TANIM
Bombus arıları (Tüm Bombus türleri), Apidae familyasından zar kanatlılardır. Güçlü böceklerdir, gövdeleri türlere göre değişen ipeksi tüylerle örtülüdür, tamamen siyah olabildikleri gibi, sarı, beyaz, turuncu veya kırmızı bantlar da taşıyabilirler. Kafaları küçük ve dardır, kısa dillidirler ve dokunma özellikli koku alabilen antenlere sahiptirler. Göğüs kısmı kısadır buradan iki çift zarsı kanat ve üç çift bacak çıkar. Üçüncü çift bacakta konkav bir bölgede yuvaya taşımak için polen biriktirirler. Dişiler (kraliçeler ve işçiler) içeri çekilebilir bir iğneciğe sahiptirler ve bunu savunma silahı olarak kullanırlar. Erkek arılar iğnesizdir, bu yüzden sokamazlar. Bombus arıları Eusocial (Gerçek Yaşamcı) yapıdadır.Bireyleri, kas sistemine göre farklılık gösteren, yavrunun bakımında işbirliği ve jenerasyonların üst üste gelmesi gibi davranış biçimleriyle karakterize edilir. Eusocial böceklerde kaslar morfolojik olarak şöyle birbirinden ayrılabilir:
-
Kraliçe, uzun ömürlüdür, büyük boyda ve dişidir. Sadece yumurtlama işiyle uğraşır.
-
İşçiler, kraliçenin kısır dişi kızlarıdır ve ondan daha küçüktürler, yuvanın inşası ve bakımıyla ilgili işleri yaparlar, yeni kuşağın bakımı ve gıda depolanması işi onlara aittir.
-
Erkekler, sadece çiftleşme uçuşu aracılığıyla kraliçeyi dölleme işlevine sahiptirler, bunun akabinde ölürler.
YAŞAM DÖNGÜSÜ
Bombus arılarını yaşam döngüsü ilkbaharda, havaların ısınmaya başlamasıyla toprak altında kış boyunca tek başına kış uykusuna yatan kraliçenin uyanmasıyla başlar. Uyanmanın ardından kraliçe arı beslenmeye başlar ve yuva kurmak için uygun bir yer arar, normalde yuvasını yerdeki deliklerde, toprak altında yaşayan kemirici hayvanların terkedilmiş yuvalarında veya ağaç kovuklarında yapar. Yuva seçildiğinde, yakınlardaki çiçeklerden polen ve nektar toplamaya başlar ve bunları yuvalarında depolarlar. Yeterli stoğu yaptığında, polen ve balmumundan yutak salgılarıyla bir höyük yapar ve buraya ilk yumurtalarını bırakma işini gerçekleştirirler. Bir kaç gün sonra, beyazımsı küçük larvalar yumurtadan çıkarlar ve kraliçenin topladığı polenle ve nektarla beslenirler.
Bir kaç hafta sonra bu larvalar, içinde erişkin hale gelecekleri kozalar yaparlar.

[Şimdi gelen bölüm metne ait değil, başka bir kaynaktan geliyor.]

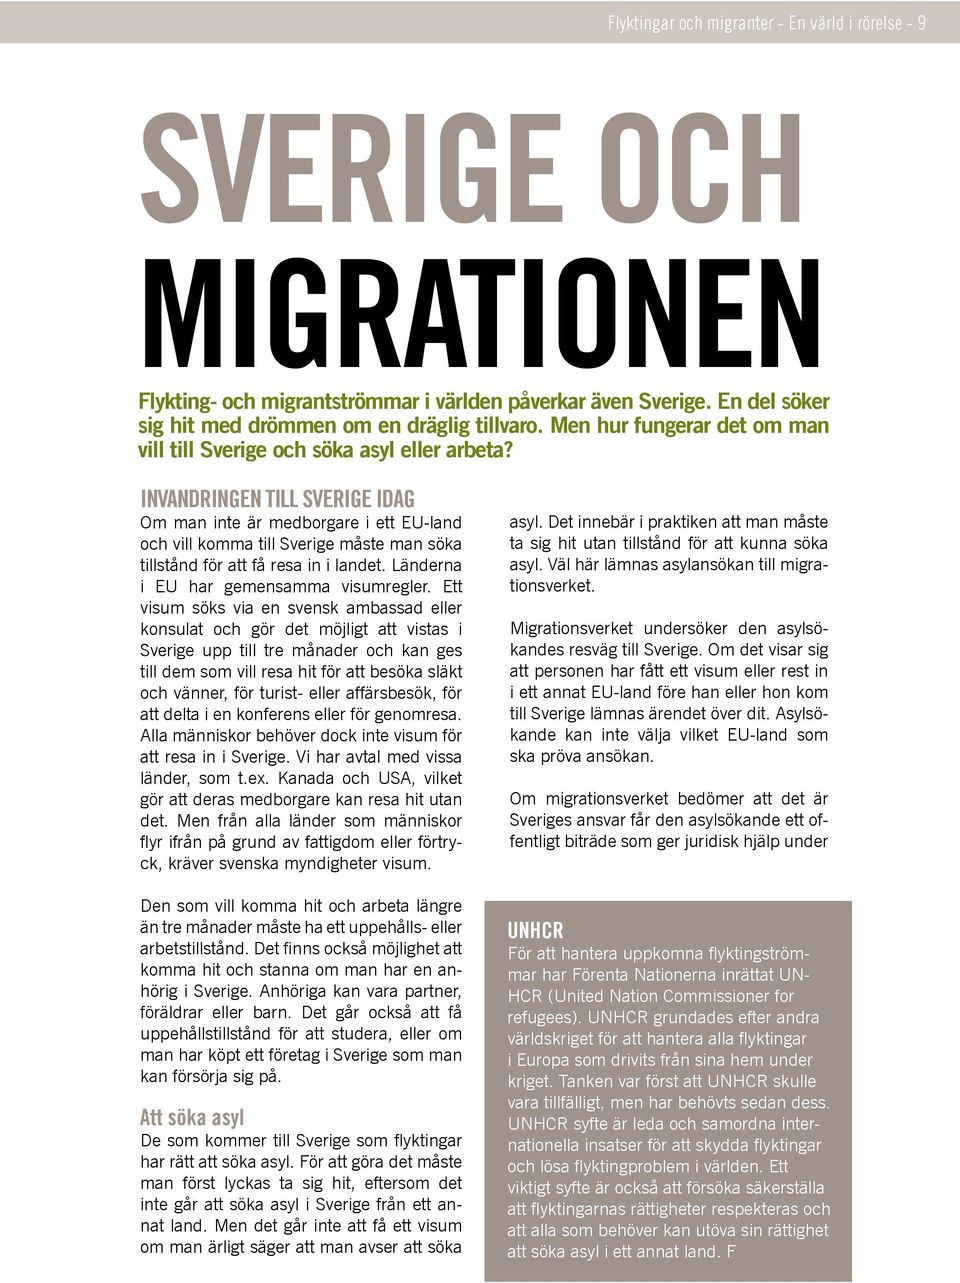 Invandringen till Sverige idag Om man inte är medborgare i ett EU-land och vill komma till Sverige måste man söka tillstånd för att få resa in i landet. Länderna i EU har gemensamma visumregler.

Bu ilk erişkinler ortaya çıktığında, tüm dişiler (işçiler) yuvanın içinde ve dışındaki işleri gerçekleştirmeye başlarlar: polen ve nektar toplamak, yuvanın korunması ve temizliği gibi.
Bu aşamalardan sonra, kraliçe arı yuvanın içinde kalacaktır ve sadece yumurtlama işiyle uğraşacaktır. Devam eden haftalarda düzinelerce işçi üreyecek ve ardından da nüfus artışı en üst düzeye ulaşıp bir kaç yüze çıkacaktır. Soğuk mevsimin gelmesinden önce, kraliçe, döllenmiş ve döllenmemiş yumurta bırakır. Döllenmiş yumurtalar dişilere (işçi arılara) döllenmemiş yumurtalar ise erkek arı oluşmasına neden olur.
Normalde erkekler yuvayı ilk terkedenlerdir ve zamanlarını nektarla beslenerek ve çoğalmak için diğer erkeklerle rekabet ederek geçirirler. Dişiler de belli bir süre sonra yuvadan ayrılarak düğün uçuşu adı verilen erkeklerle çiftleşme moduna geçeceklerdir. Daha sonrasında, döllenmiş dişiler büyük miktarlarda polen ve nektarla beslenerek kış uykusu döneminde hayatta kalabilmek için yeterli besin rezervi yapar ve kışı geçirmek için toprak altında bir yer ararlar. Bu genç ve doğurgan kraliçeler soğuk mevsimde hayatta kalabilen tek arılardır ve bir sonraki ilkbaharda yeni koloniyi kurmak için uyanacaklardır. Bunun aksine, yaşlı kraliçe, erkek arılar ve kolonideki tüm dişi işçiler kış gelince ölürler.